Food Is Your Responsibility

Homemade Condiments
The average person is still under the aberrant delusion that food should be somebody else’s responsibility until I’m ready to eat it.
— Joel Salatin

Eating in the United States is a simple act, mostly performed by third parties until the food is on your plate.

Much of this blog is about sourcing and preparing your own food. Yet, with the exception of Friday night and Shabbat meals, few people take the time to be in charge of what goes on their plates.

I make it a point to have two meals a day with my family: breakfast that the boys and I prepare before they go to school; and dinner, which my wife always cooks fresh. We take full responsibility for the preparation and for what goes into the dishes we eat. Before the cooking even happens, the entire family goes with me to the farmer’s market every Sunday morning and picks out what they want for the week. And mealtime isn’t just about the food. The bonds that we forge by interacting together are irreplaceable.

But our household goes against the grain of the cultural norm.

In 21st century supermarkets, convenient packaged kosher items are very easy to find: According to market research firm Mintel, more than 40 percent of new foods launched in 2014 claimed to be certified kosher. And over one million ingredients that come from suppliers of raw materials are certified kosher, translating to over 135,000 packaged items being certified kosher. With this many prepared and packaged options, it is obvious that eating kosher in the United States is a simple choice.

On the flip side, there is a perception that making your own food is not easy, affordable or accessible. Often, it is perceived as a privilege.

This is unfortunate.. Unless you live in an inner city “food desert”, where there is truly – and tragically – a lack of fresh and healthy food, cooking should be a habit that is practiced regularly in the household.

Cooking your own food is amazing. And doing so results in numerous positive benefits. On the other hand, not doing so has negative ramifications:

According to author and journalist Michael Pollan, “the decline of everyday home cooking doesn’t only damage the health of our bodies and our land but also our families, our communities, and our sense of how our eating connects us to the world.”

Dr. Mark Hyman goes a step further: “We have abdicated one of the essential acts that makes us human – cooking – to the food industry. Making our own food is essentially a political act that allows us to take back our power.”

The benefits are many:

  • You save money. Going out to eat (or ordering takeout) is expensive! And it is hardly ever healthy.
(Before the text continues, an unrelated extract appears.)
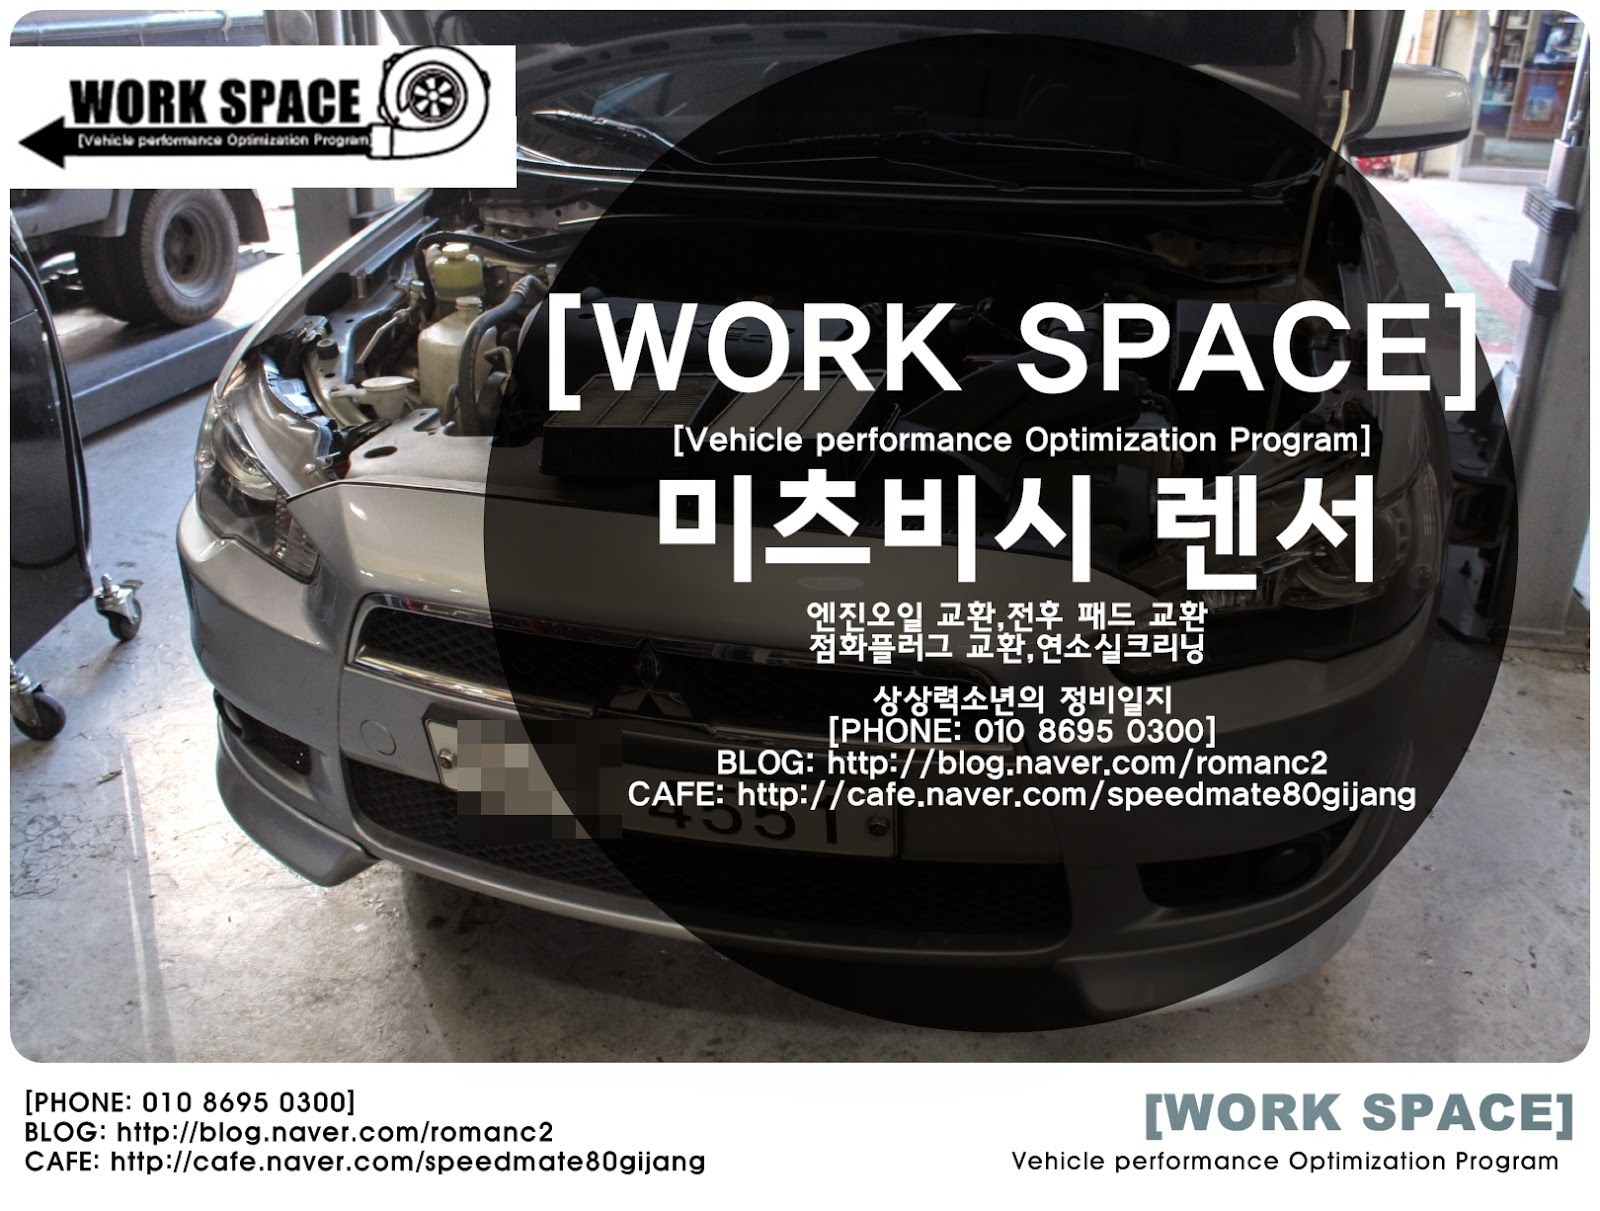 [WORK SPACE]           상상력소년의 정비일지: WORK LOG: 2015.02.06 차량성능 최적화 프로그램: 미츠비시 렌서 엔진오일 최...
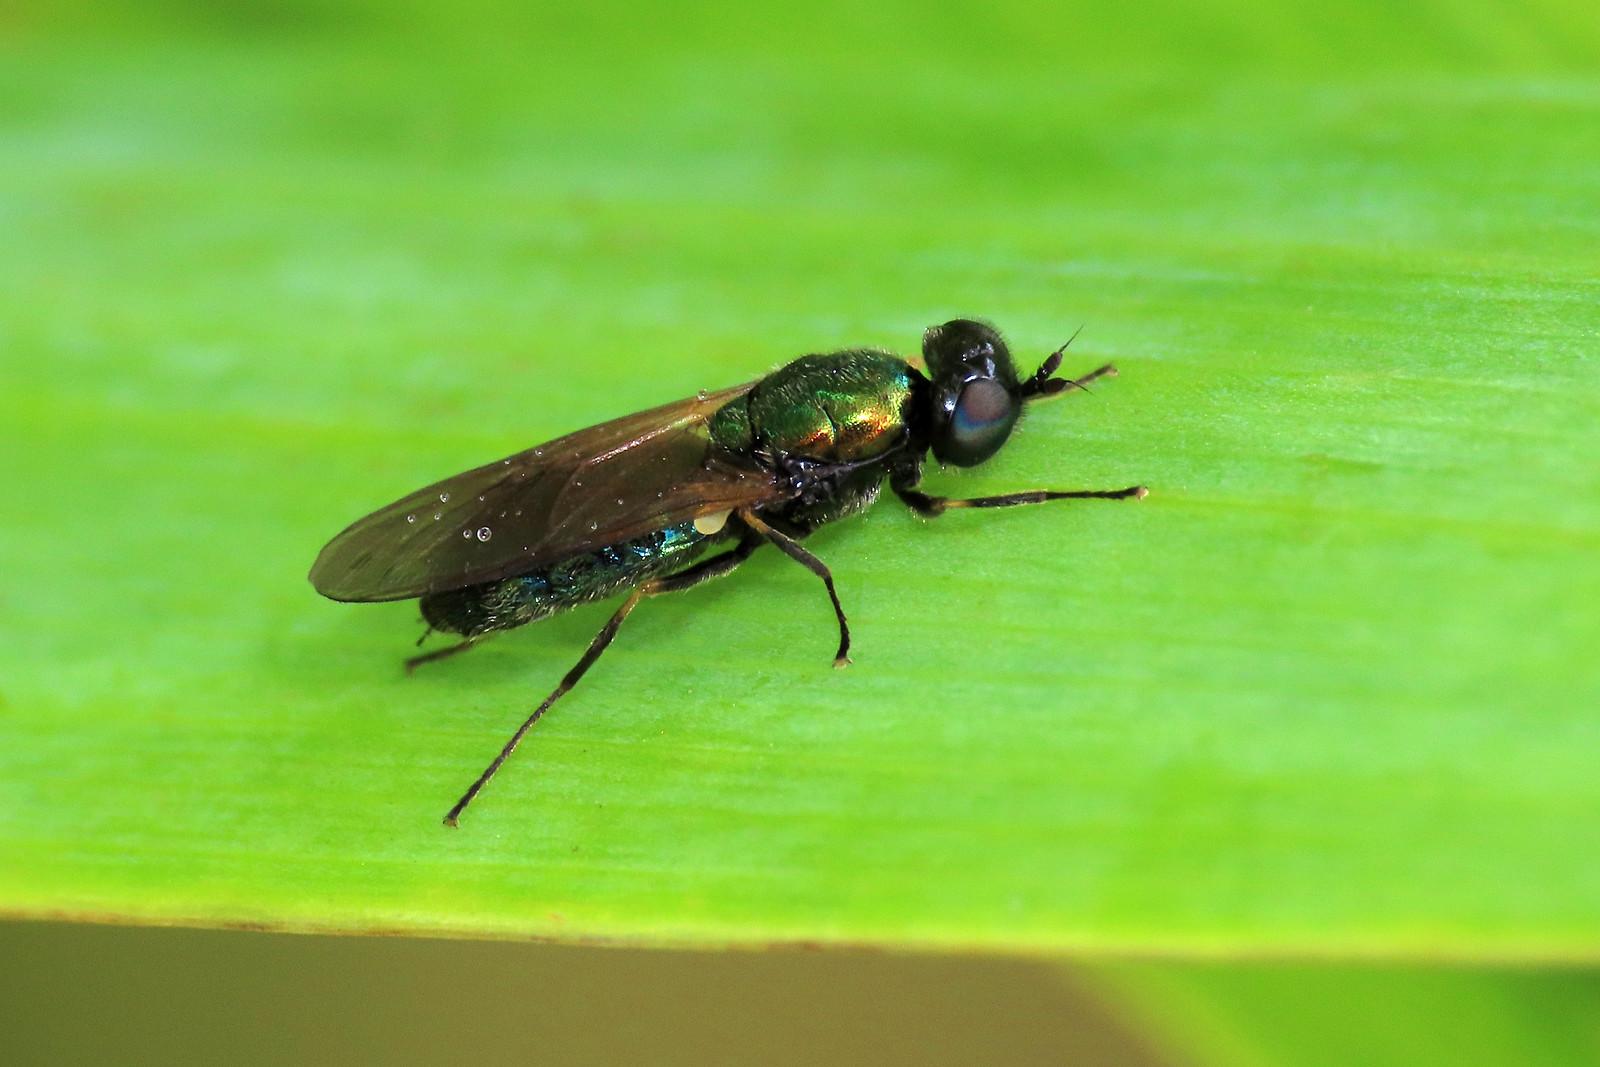 Chloromyia formosa - Broad Centurion

  • You get to practice meal prepping. Once you discover the dishes that you and your family enjoy eating – and the ones that you don’t – you can build simple meal planning menus. For instance, why not schedule a Taco Tuesday meal every week? Or establish that Sunday nights are for finishing Shabbat lunch leftovers? Every night does not need to have a theme but setting up a recurring schedule with thematic elements simplifies shopping, speeds up preparation and relieves stress.

  • You eat healthier, more nutritious food.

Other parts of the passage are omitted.